GIVEN DATA:
_ _ _ _ _ _ _
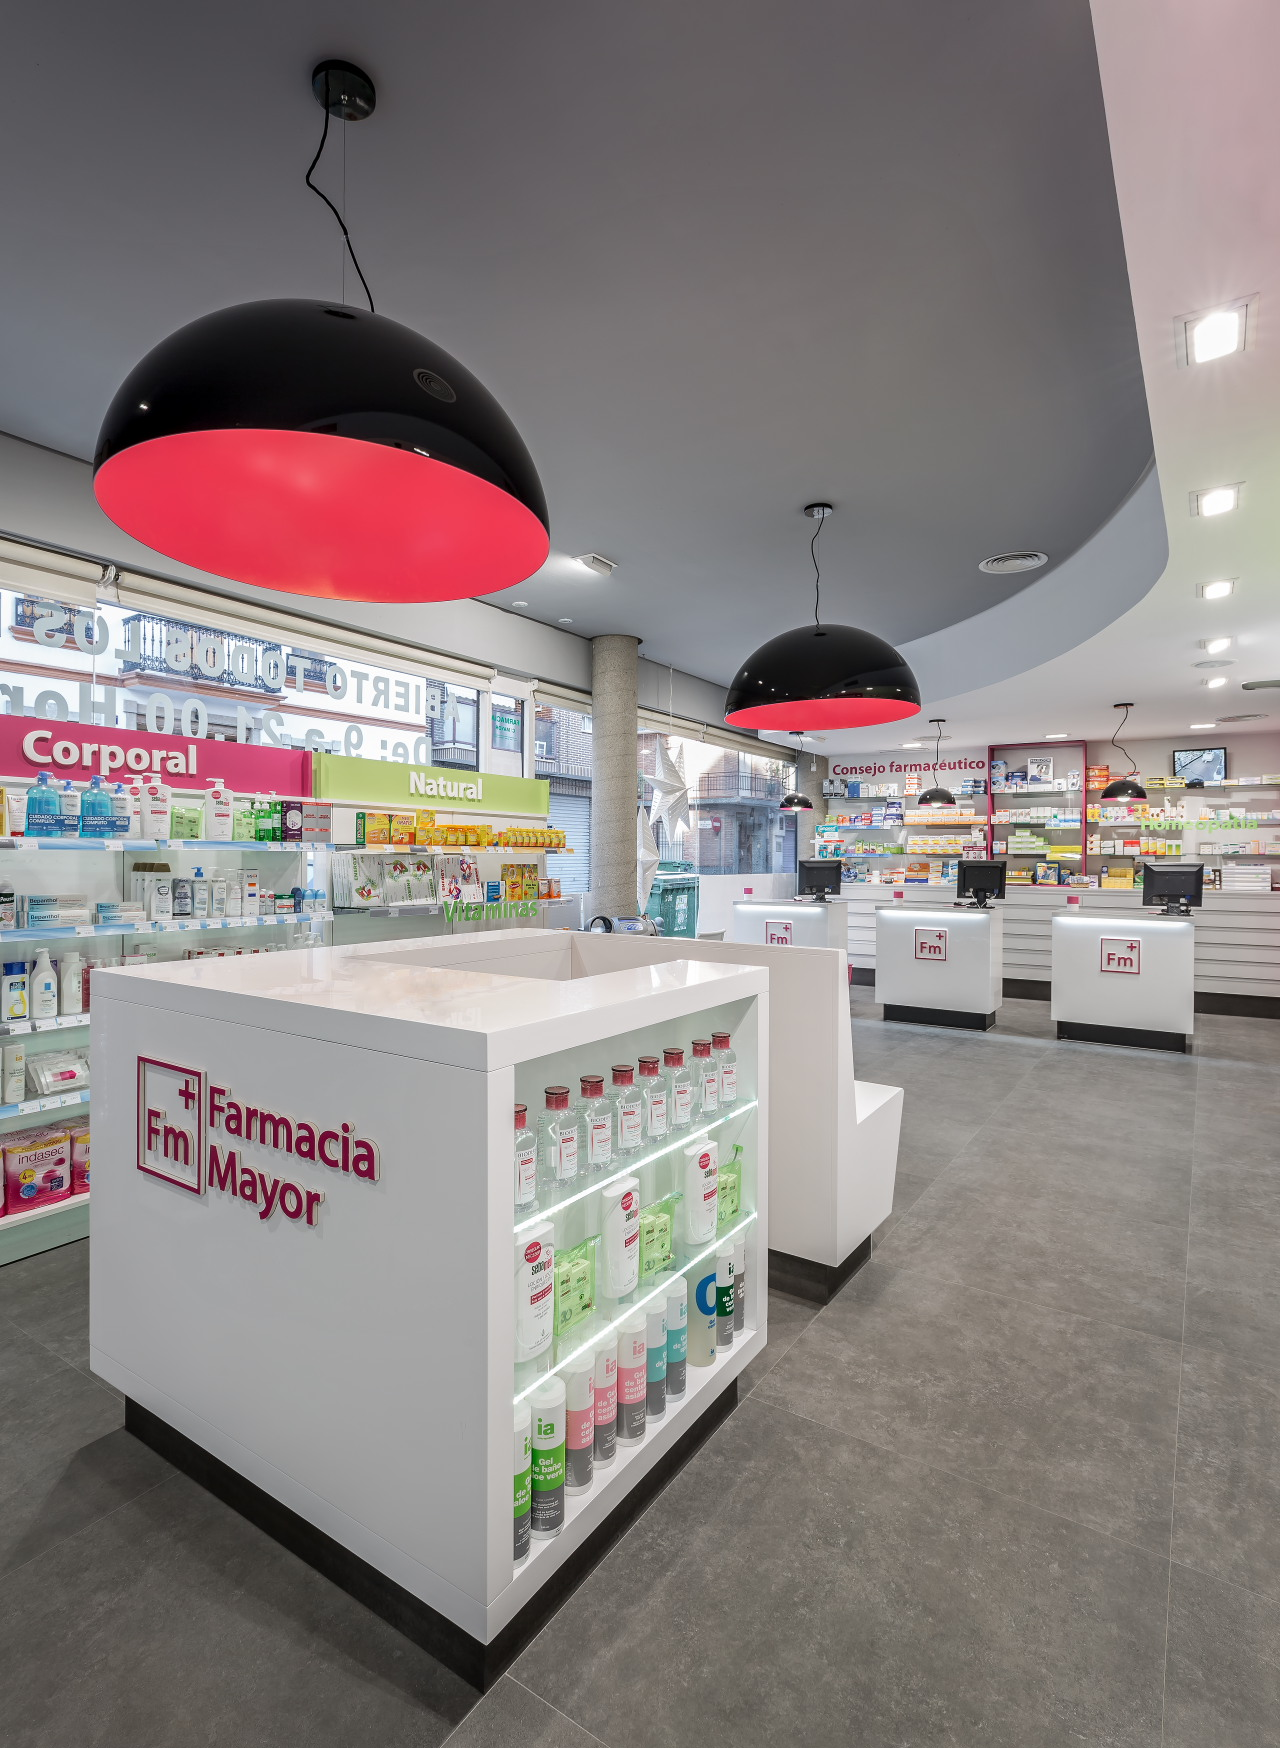 fotografia-arquitectura-valencia-german-cabo-d'estudio-farmacia-mayor-xirivella (6)
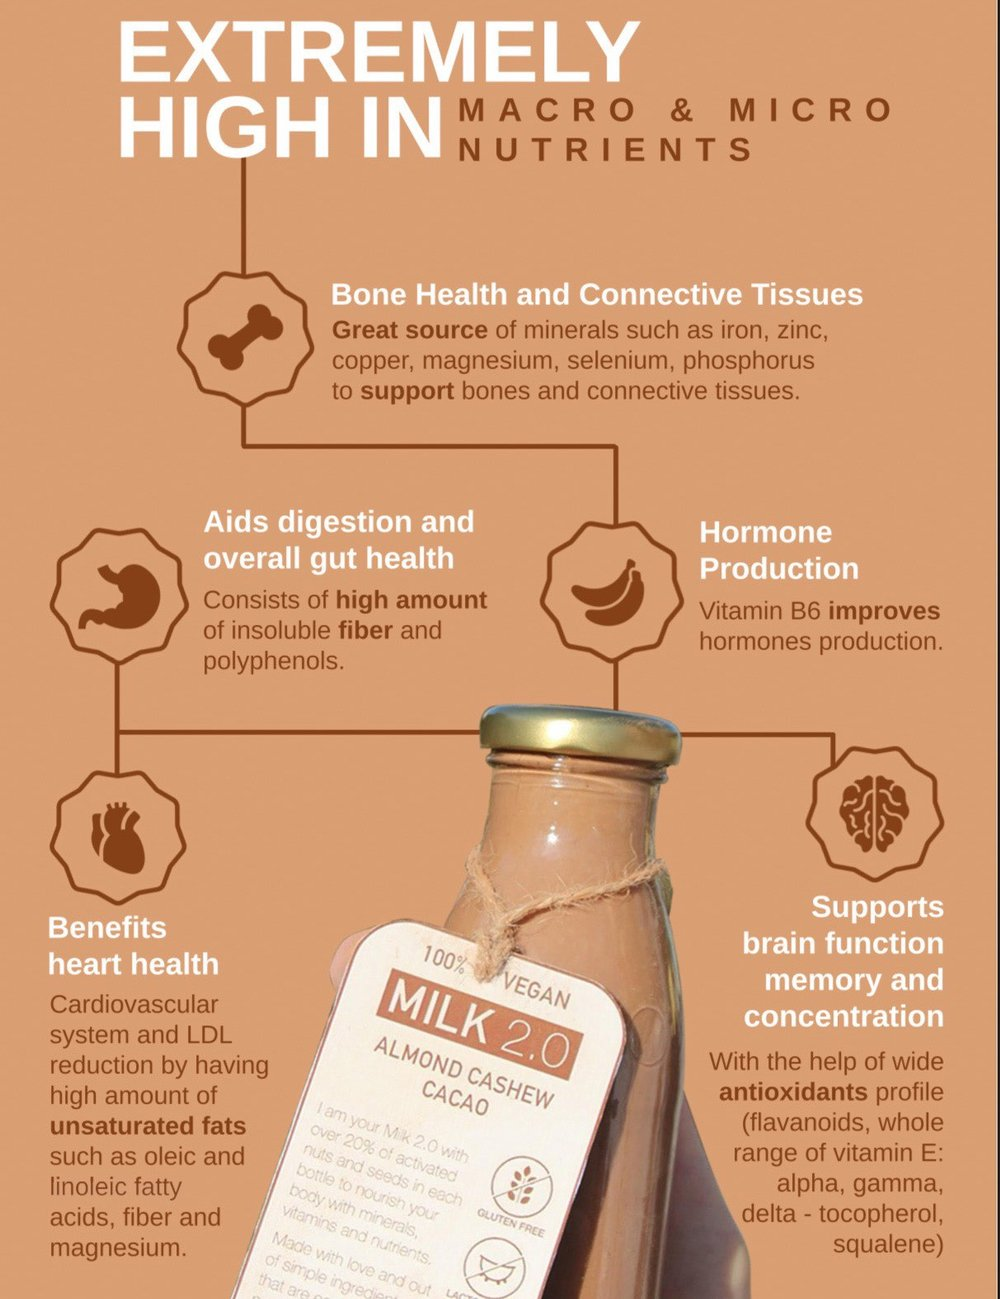 Health benifits Milk 2.0 Almond Cashew milk.jpg
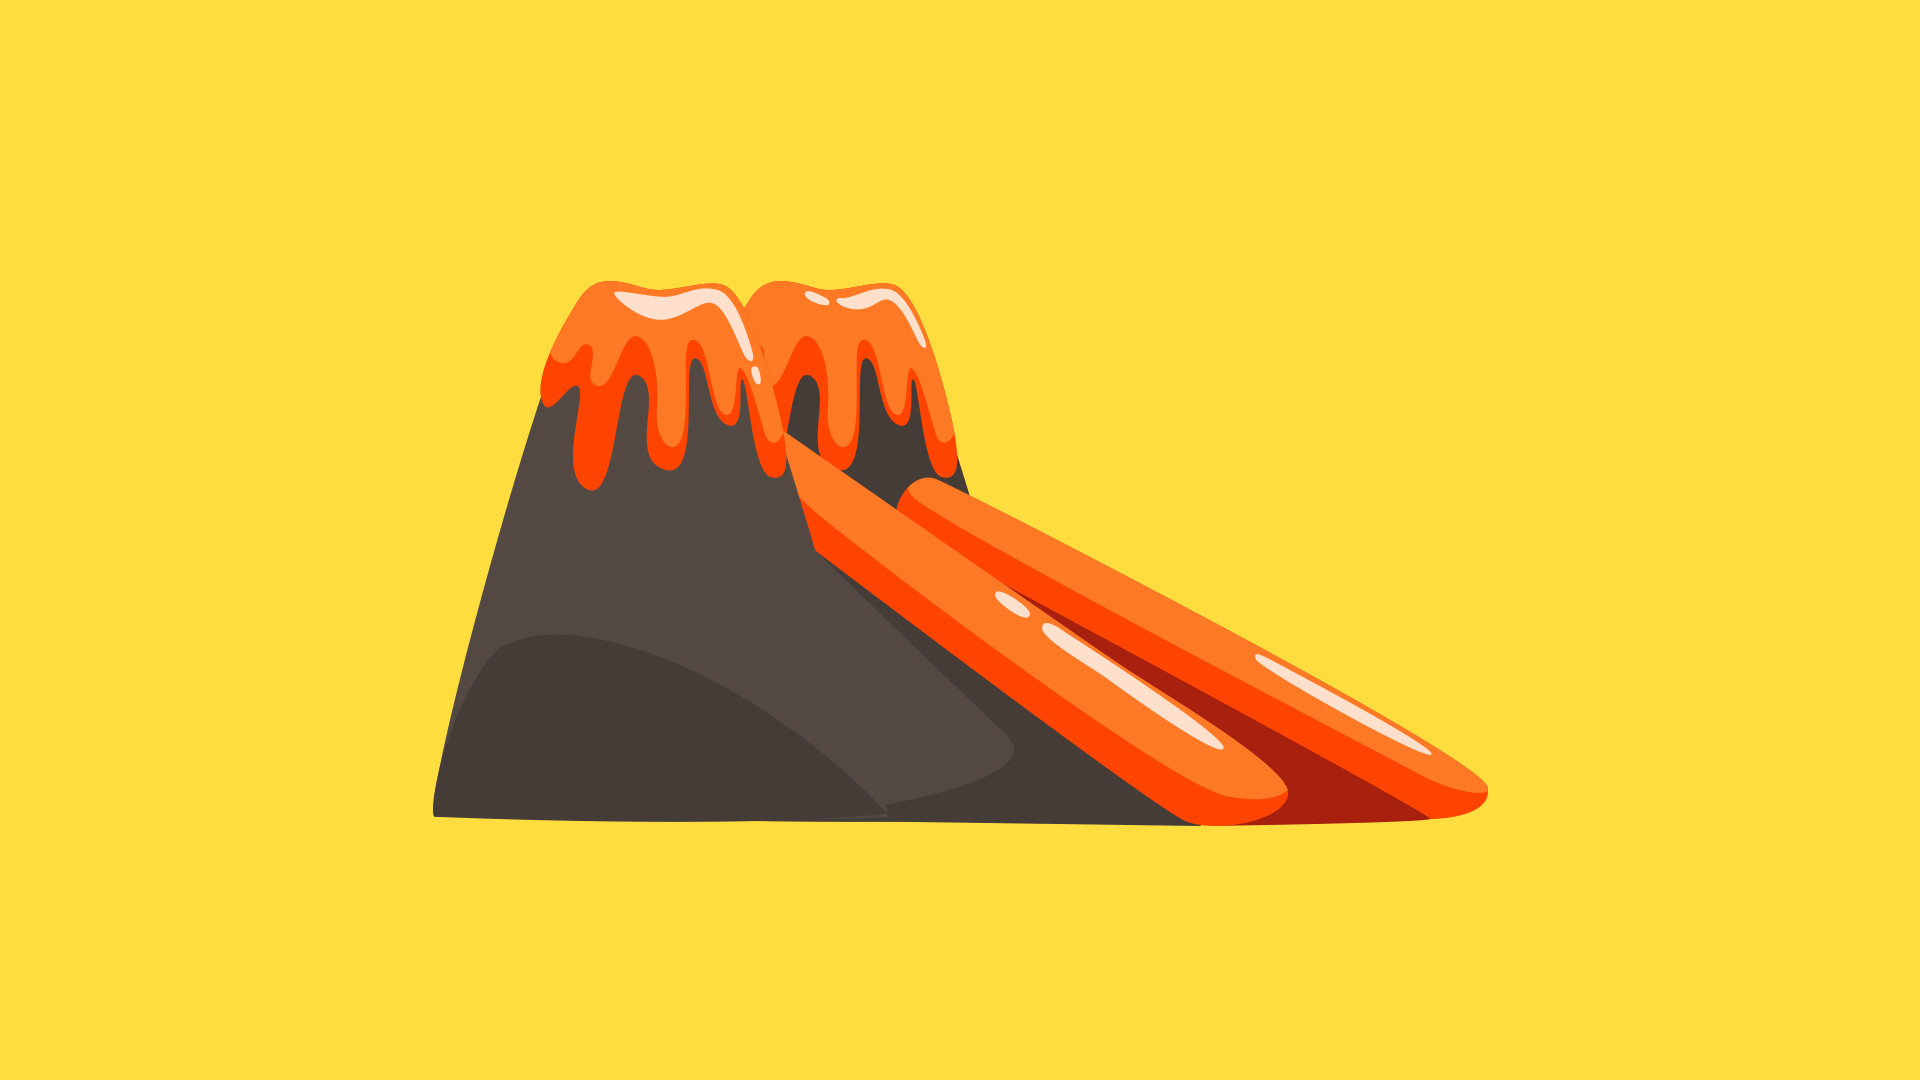 Volcano Bounce House
_ _ _ _ _ _ _
Produce the material above again in full, with identical lines and no pictures.

SOLUTION TO THIS TASK:
 fotografia-arquitectura-valencia-german-cabo-d'estudio-farmacia-mayor-xirivella (6)
 Health benifits Milk 2.0 Almond Cashew milk.jpg
 Volcano Bounce House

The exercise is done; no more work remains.